Infraestructuras privadas y debilitamiento del interés público
Otro eje central del libro es la noción de soberanía digital. Mhalla muestra cómo los Estados han perdido, en gran medida, el control sobre las infraestructuras críticas de la vida digital, que hoy están en manos de un puñado de actores privados transnacionales. Esta dependencia tecnológica limita la capacidad de los gobiernos para regular, proteger derechos y garantizar el interés público. Al mismo tiempo, algunos regímenes autoritarios han sabido explotar estas tecnologías para perfeccionar sus mecanismos de vigilancia y represión, dando lugar a modelos de “autoritarismo digital” que luego se exportan y normalizan.

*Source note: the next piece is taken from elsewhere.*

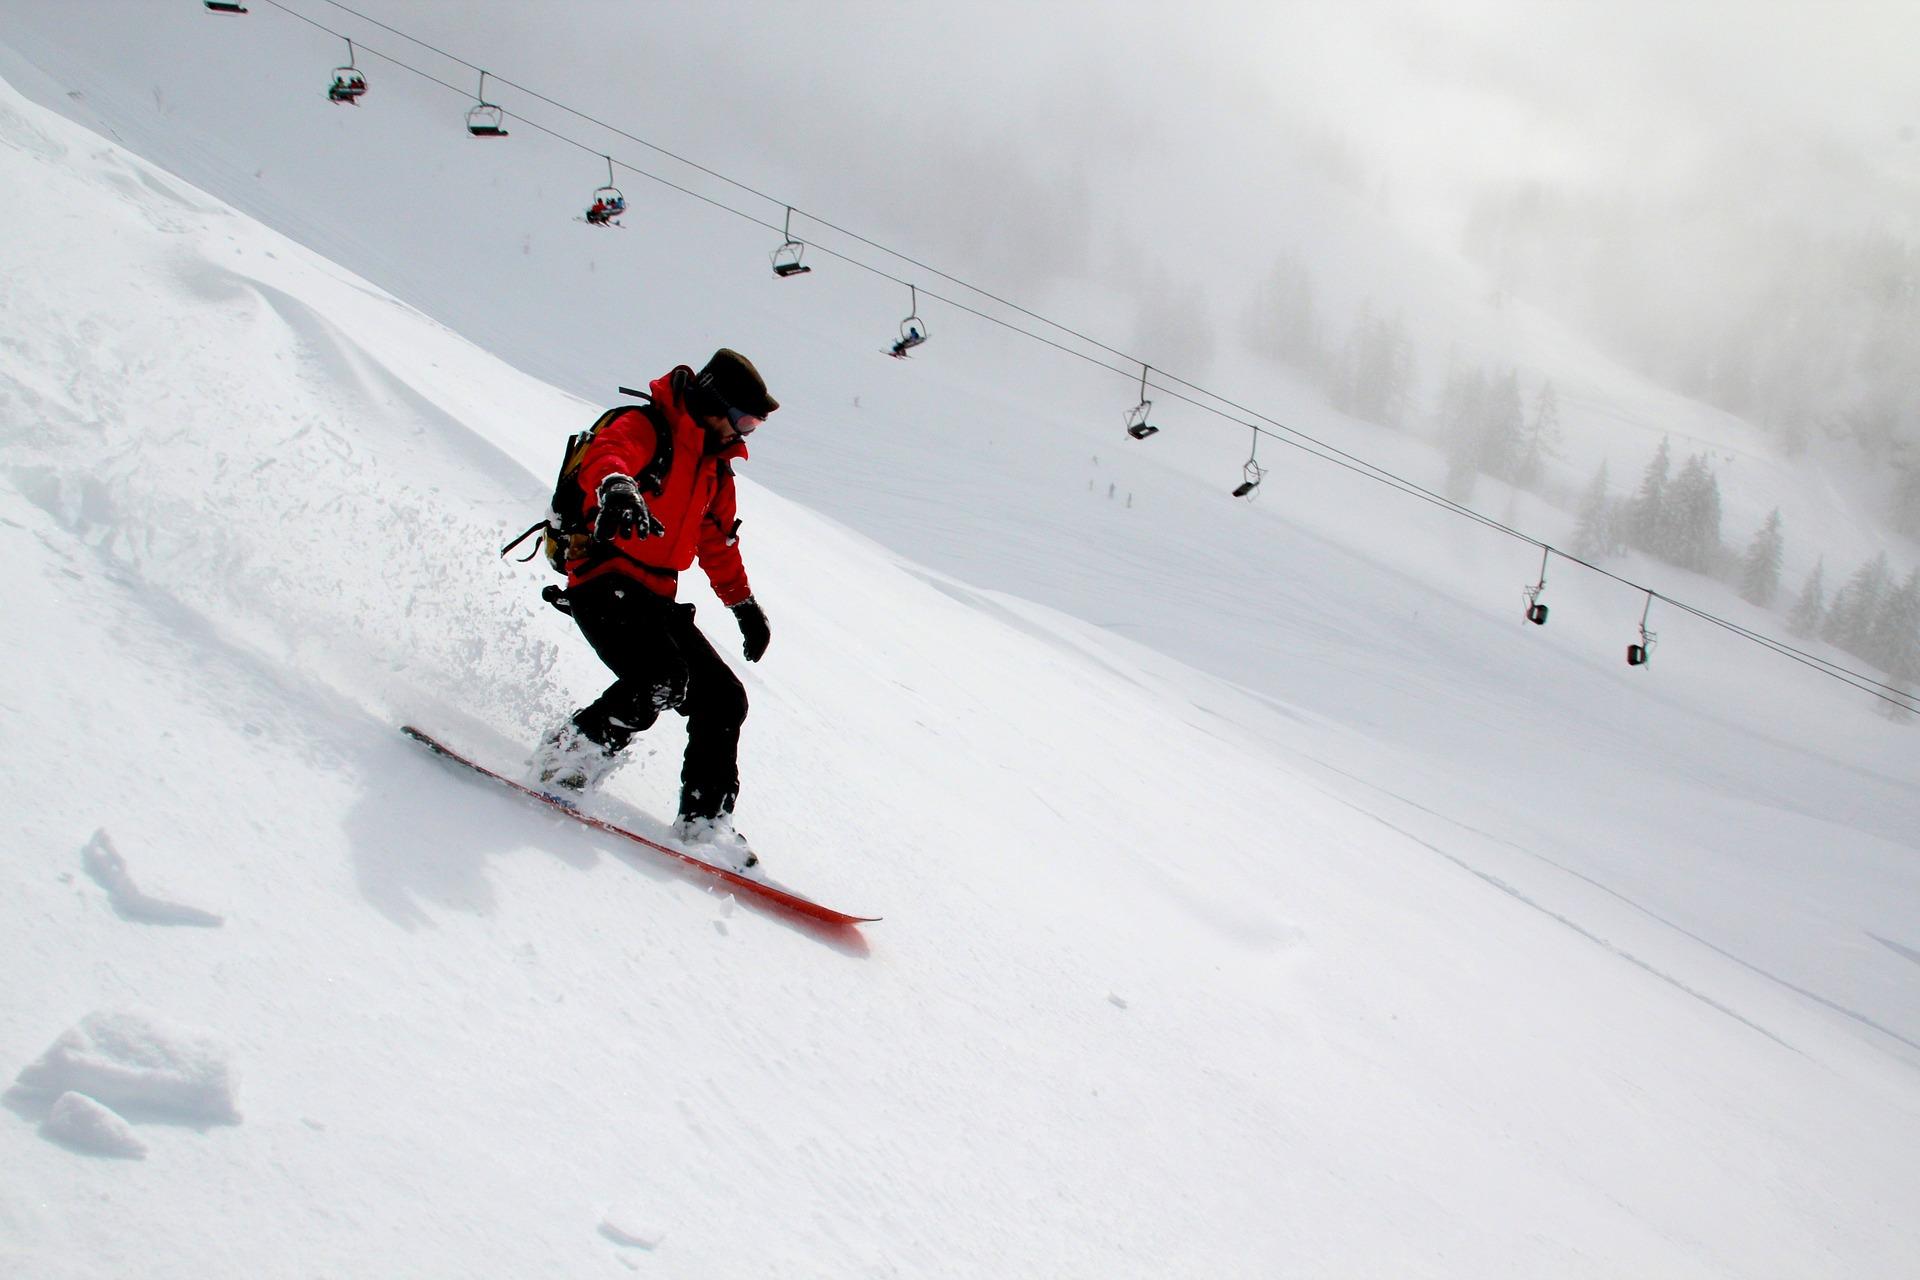 snowboarding-554048_1920

Las dinámicas que configuran el nuevo sistema totalitario
Asma Mhalla no presenta un “manual” explícito numerado, pero a lo largo del libro identifica y describe un conjunto de acciones, dinámicas o mecanismos que, en conjunto, configuran ese nuevo sistema totalitario de base tecnológica. Sintetizando su argumento, estas son las 13 acciones clave que el libro pone en evidencia:
- Captura masiva de datos personales
La recolección constante de datos (comportamiento, ubicación, preferencias, emociones) se convierte en la materia prima central del poder político y económico. - Normalización de la vigilancia permanente
La vigilancia deja de ser excepcional y se vuelve cotidiana, aceptada e incluso deseada en nombre de la seguridad, la eficiencia o la comodidad. - Delegación de decisiones a algoritmos
Decisiones que antes eran humanas (priorización, clasificación, evaluación de riesgos) se trasladan a sistemas automatizados opacos. - Fusión entre Estado y grandes plataformas tecnológicas
Gobiernos y Big Tech cooperan estrechamente, diluyendo la separación entre poder público y poder privado. - Externalización del poder soberano
Infraestructuras críticas (nube, datos, IA, comunicaciones) quedan en manos de empresas transnacionales, debilitando la soberanía estatal. - Gobernanza por la predicción
El poder ya no solo reacciona: anticipa comportamientos mediante modelos predictivos para prevenir, corregir o reprimir antes de que ocurra el “problema”. - Control conductual indirecto
No se prohíbe: se orienta, se empuja, se optimiza la conducta a través de interfaces, rankings, incentivos y penalizaciones invisibles. - Conversión del ciudadano en usuario
El sujeto político se redefine como usuario-consumidor, con derechos contractuales (términos y condiciones) en lugar de derechos políticos plenos. - Opacidad tecnológica estructural
Los sistemas que gobiernan la vida social son incomprensibles para la mayoría, lo que impide el control democrático efectivo. - Legitimación del control en nombre de la crisis
Emergencias sanitarias, terroristas, climáticas o geopolíticas justifican la expansión acelerada de tecnologías de control. - Exportación del autoritarismo digital
Modelos tecnológicos de control desarrollados por regímenes autoritarios se venden y replican globalmente, incluso en democracias. - Despolitización del debate tecnológico
La tecnología se presenta como neutral, inevitable o técnica, ocultando que siempre implica decisiones ideológicas y políticas. - Producción de consentimiento voluntario
El sistema funciona porque los individuos participan activamente en él, entregando datos y aceptando reglas a cambio de servicios y confort.